Sean was born on the 22nd of November 1962. For years I told people that he was born on the day that Kennedy was assassinated, but it was a whole year earlier. I’d said it so many times that I started to believe that they’d recorded Kennedy’s death wrongly. I was always looking for links, even then, even when they were wrong.

Sean was exactly a month old when the winds brought the winter properly and, on Boxing Day, the snow which froze the country. I was convinced he would die, and shut us up in the back room with a fire going day and night. Larry always found coal and wood and I didn’t ask how or where.

My mother was happy and left her house every day, and not to visit the church.

She said, ‘When there’s snow, you can see if there have been hoof prints. It’s the only way to be sure if he’s here.’

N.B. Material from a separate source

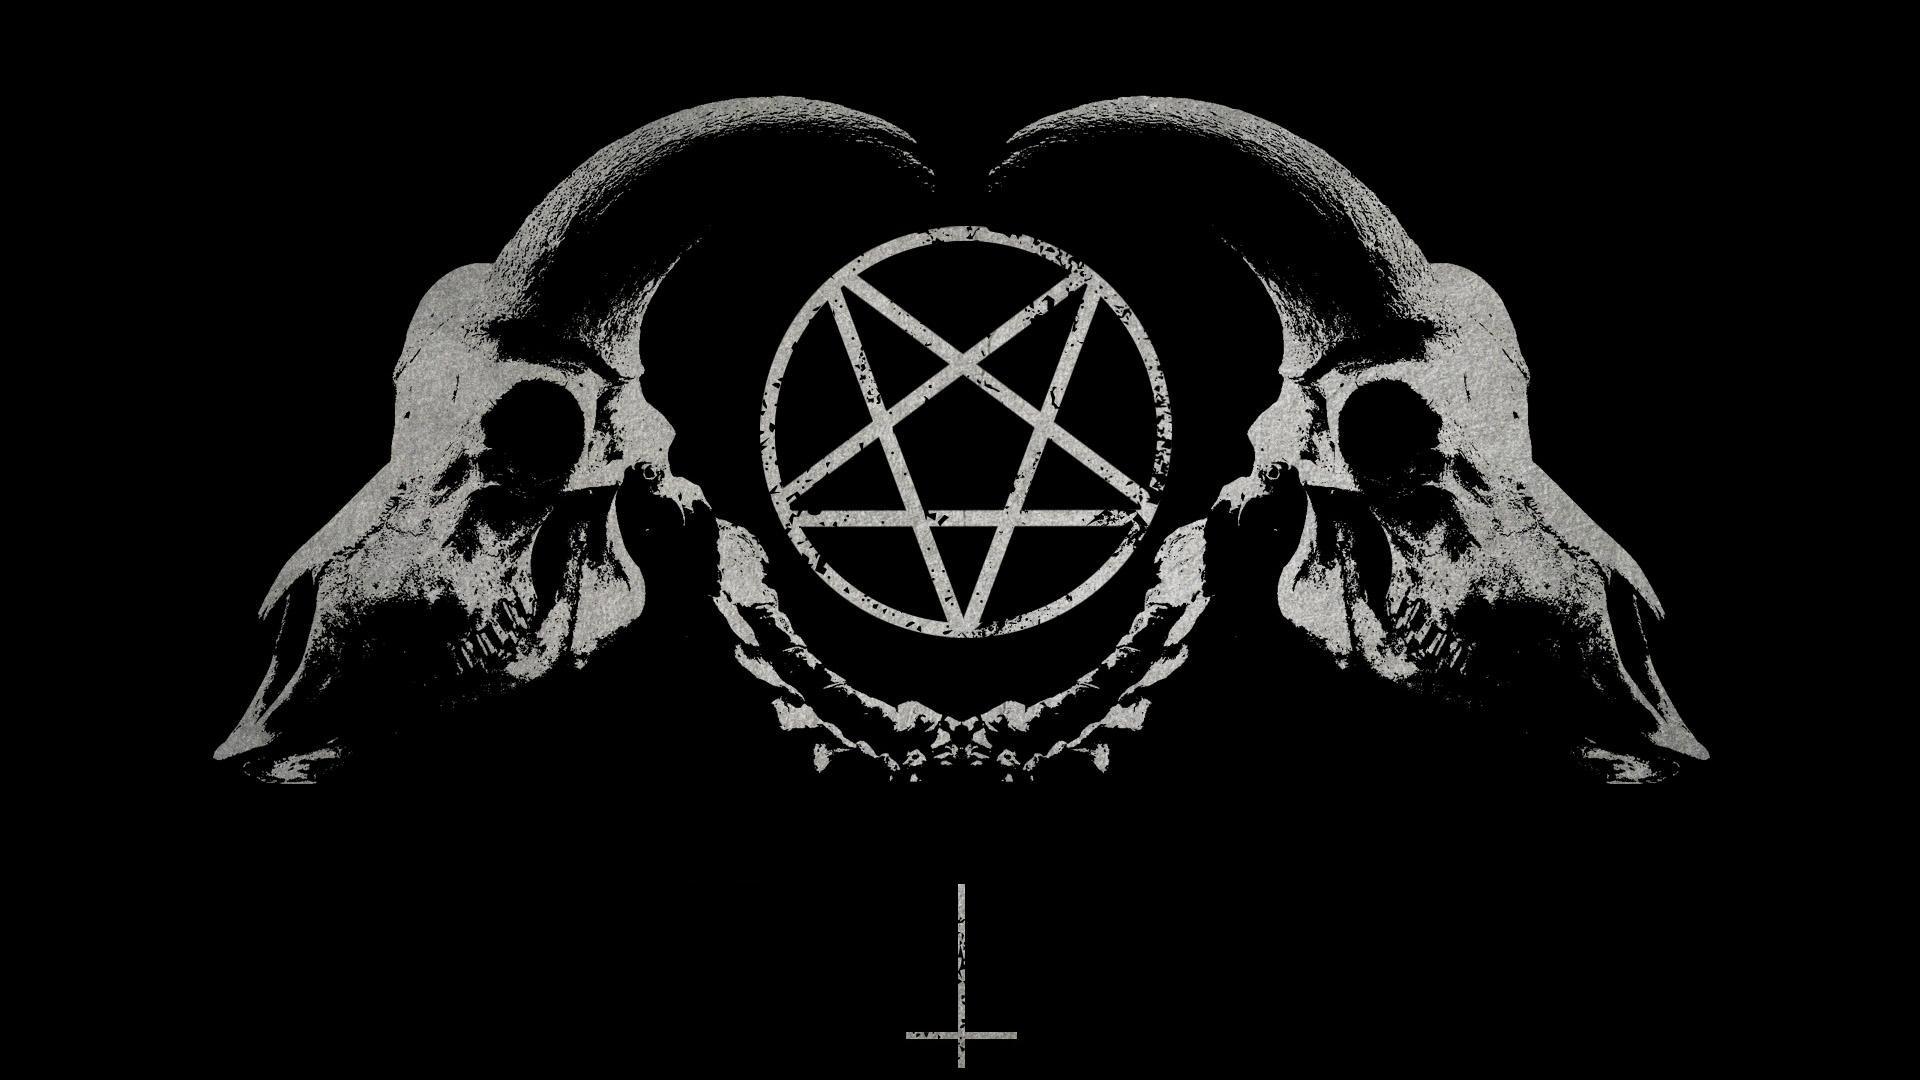 Inverted Pentagram Wallpaper 67 Images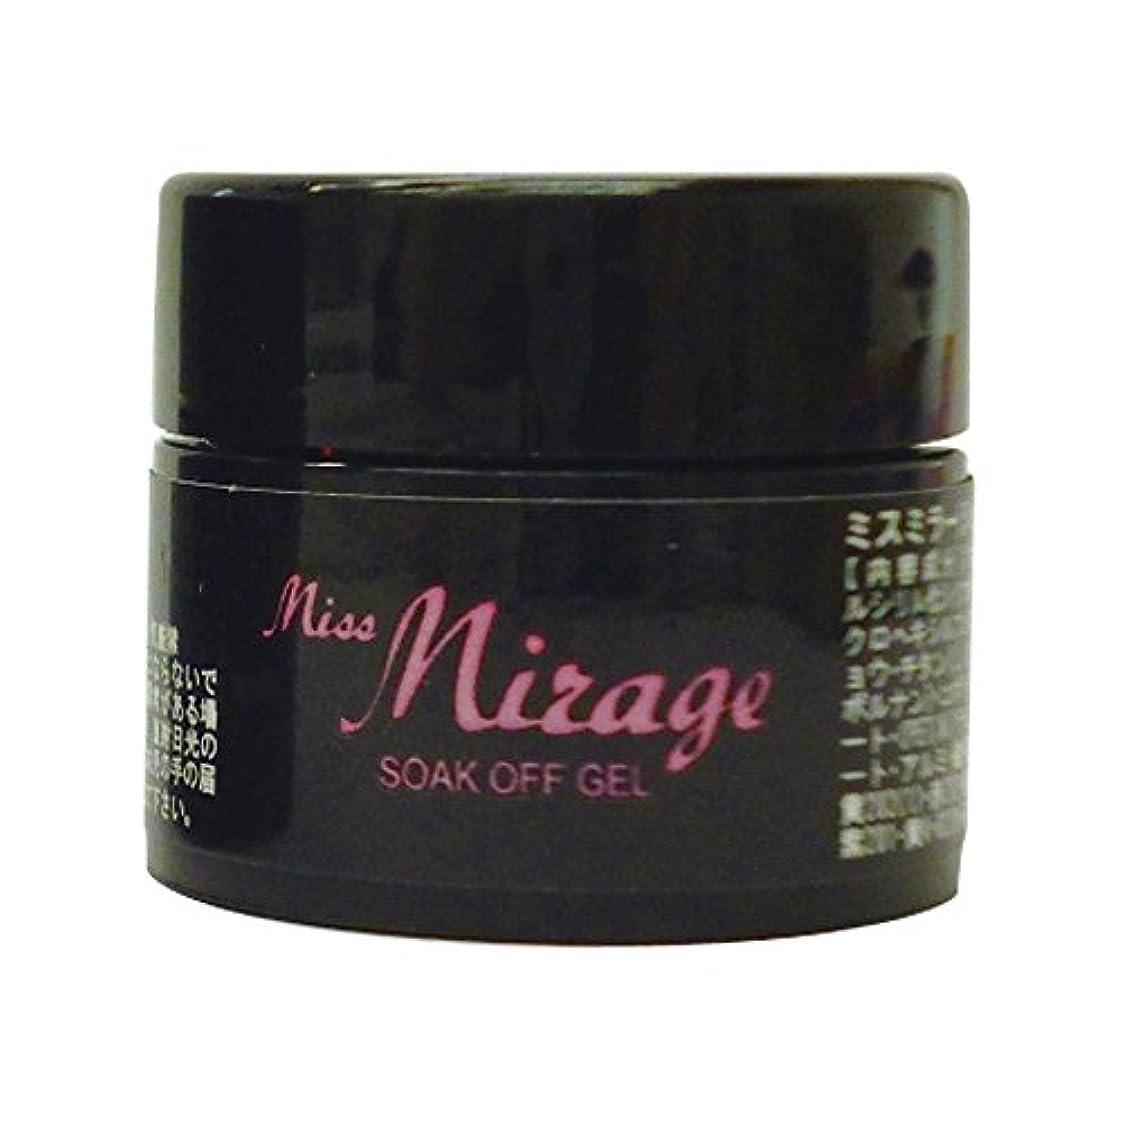 肌寒い酸度放課後Miss Mirage ソークオフジェル TM31S 2.5g トゥルーリーバイオレット

I hated her coming, opening the doors to let the heat out. She adored Sean, although she couldn’t understand why I’d allowed his father to give him such a foreign-looking name. She would come round in the daytime and leave after I’d prepared tea in the icy kitchen. When it thawed in March, I didn’t see her for months. I missed her then and didn’t like the thought of her keeping a watchful eye for the devil by herself.